SMD soldering is not actually that hard until you start getting to the really small stuff; you just need some extra tools and a decent amount of practice. The smallest packages you're not likely to have a choice about are QFPs, which have 0.5mm pin spacing. In order to solder these, you need:
* ESD tweezers (available for a couple bucks on Aliexpress, you want a set that contains at least a pair of fine straight tips and a pair of hooked tips)
* A decent temperature-controlled iron. I generally use a Pinecil, but a TS-100 is also quite nice. I generally use the D24 tip; for all but the most detailed work, the super-fine conical tips are more trouble than they're worth.
* 63/37 SnPb rosin core solder, preferably 0.3mm diameter or smaller. I use ChipQuik RASW.031, but it doesn't matter that much. This should cost somewhere around €10
* A self-standing magnifier. The microscope I use cost €300 on eBay, but a third hand is available for under €10. You probably don't need any more than 10x magnification.
* Copper braid. A small spool (it goes a long way) should be around €10-20
* (Optional) A bottle of strong beer or a glass of wine. If in Eastern Europe, palinca or vodka is an acceptable substute
With this stuff at hand, if you're going the beer route, drink it. It'll have two effects: your hands will shake less, and you'll care less how it looks.
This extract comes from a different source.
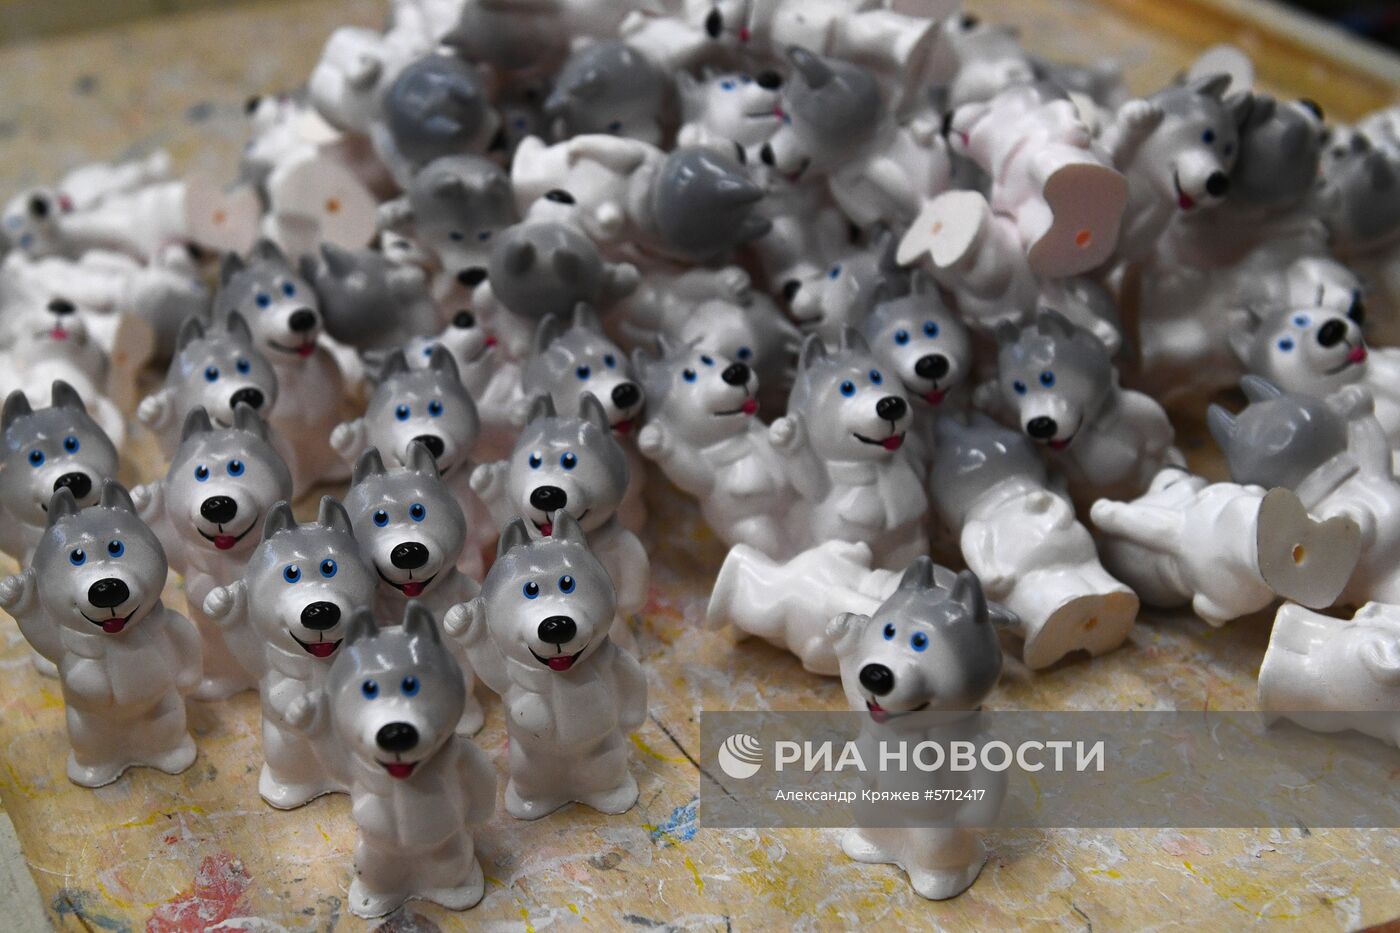 Фабрика игрушек "Бирюсинка" в Красноярске

Now, tape your board down and set up your magnifier so that you can comfortably look through it as you work. Pick a pad on the footprint of the biggest thing that needs to be soldered (preferably on the side that you hold your iron with). Apply enough solder that there's a noticable bulge. Now, pick up the chip with the tweezers in your non-dominant hand, place it in the right place. While holding the chip in place with the tweezers, melt the solder you placed earlier using your iron until it wicks onto the pin of the chip. Check the opposite corner and make sure that it's lined up, then put a small blob of solder there. Don't worry if you bridge some pins; it's easy enough to fix. Now, solder the rest of the pins. If you're feeling dexterous, you can solder each pin individually, but I don't usually bother. Alternatively (and this is what I usually do), just solder all the pins down with a blob every couple of pins. Most of them won't end up bridged because soldermask repels solder. Once every pin is soldered down, press the wick against the joint with the iron to suck up all the excess solder. Inspect all the joints to make sure you've gotten all the bridges. If there are still some, there are a number of different techniques to get rid of them, but usually just sliding the tip of your iron along the space between the pins will be enough. Worst case, put more solder on and rewick it. Congratulations, you're done!
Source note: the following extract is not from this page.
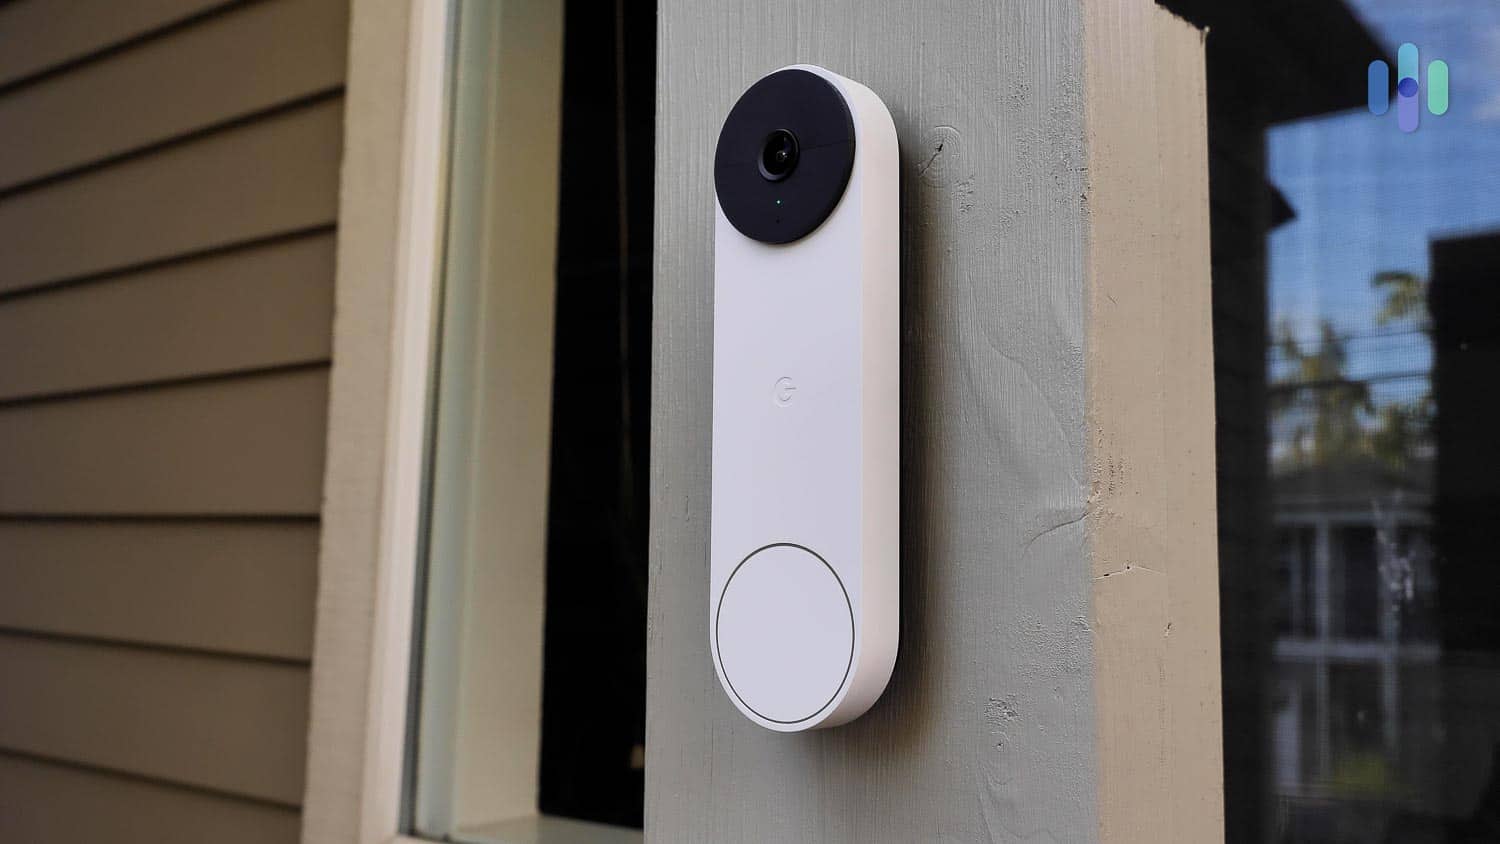 https://www.security.org/app/uploads/2021/08/Nest-Doorbell-4.jpg

Repeat for each chip, until you're good at it :-D
(FWIW, I learned from this guide http://goodfet.sourceforge.net/construction/ , which goes into more detail, and also has a nice technique involving taping chips down that works very well)
Maybe I can hand-solder 0.5mm BGAs, maybe I can't. Haven't tried yet.
But author of the article linked right above your comment absolutely can. And wrote a TFA going into great details into how exactly. No stencils, no reflow.